メッセージ 私の好きな言葉・・・MyPleasure!

■しゃべる仕事を生業としている私の原点は、幼少の頃、いつも寝る前に聞かされた父の創作童話です。
多忙な父が時間を見つけては語ってくれる物語を本当に楽しみにしていました。 その影響か、小学生の頃は詩や物語を書くことに熱中。 一方、人前で声を発するのも得意としていたようで、将来の夢は、アナウンサーになることでした。

■大学を卒業後、フリーアナウンサーとして、社会人の一歩を踏み出しました。
初めてのTVの仕事は、ワイド番組の事件レポーター。 社会的事件を扱う難しさと、それを放送でいかに興味を持たせるように話すかという難しさは格別で、 いまでも強烈な印象が残っています。 その後、ラジオ番組のパーソナリティーやDJを担当。 ことばだけで勝負するこの仕事にはまた違った難しさがありました。

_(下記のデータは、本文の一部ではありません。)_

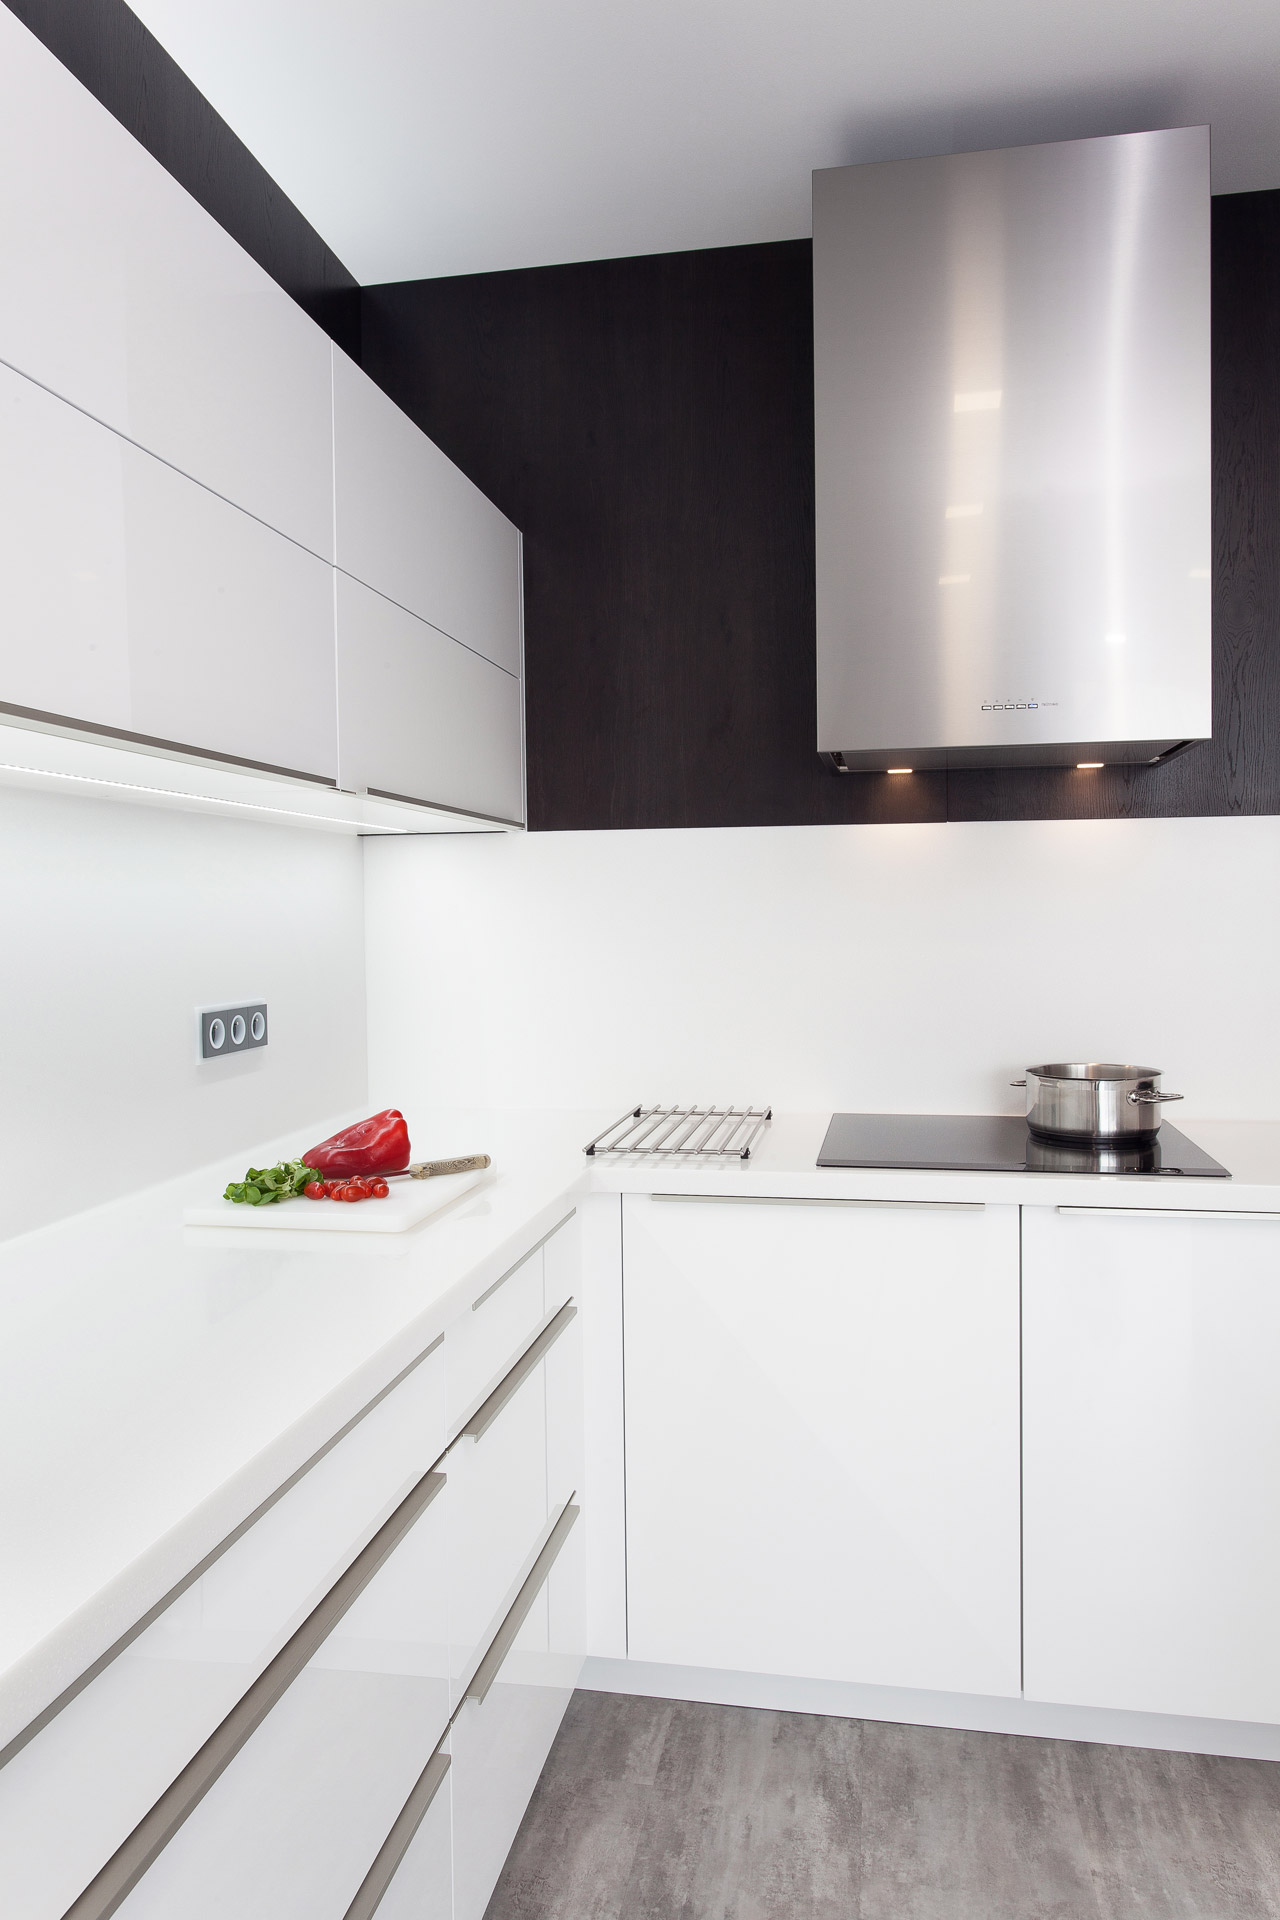 Hanák nábytek Ukázka realizace Moderní kuchyně Bílá kuchyně

■心機一転、クルーズ・ディレクターとして、大型客船・飛鳥に1年間乗船する機会を得ました。
毎日のようにパーティなどの船内サービスを行うハードな仕事でしたが、裏方の仕事を経験することで、 しゃべる仕事を客観的に見ることができるようになりました。

■最近は、色々な司会の仕事をこなしています。
さまざまな経験の中で、インタビューや司会は上達したのではないかと、ひそかに思っています。 また、勉強をし直している朗読の世界も大きな比重を占めるようになり、声と感性と表現方法を磨く魅力 を実感しています。

■「三つ子の魂百まで」とよく言いますが、振り返ってみれば、私は子供の頃から同じようなことだけに 熱中した人生を歩んでいるようです。
そのキーワードは『ことば』です。 いつもそばにことばがあったといっても過言ではありません。

■そんな私の好きなことば、それが"My pleasure!"です。
外国でサービスを受けたとき、"Thank you for・・・"に対して返ってくるこのことばが、 何とも素敵に感じられます。 "You are welcome"よりもっと「喜んで」という気持ちが表れている気がして、仕事はこの精神で いかなくちゃ!と思わせてくれます。 私は一つ一つの仕事に対して、いつもこのことばを忘れることなく、皆様方に少しでも喜んで頂けるよう、全力で応じたいと思っています。そして 今後も"My pleasure!"に負けない、自分の肉体から発することばをもっともっと磨いていきたい、 と願っています。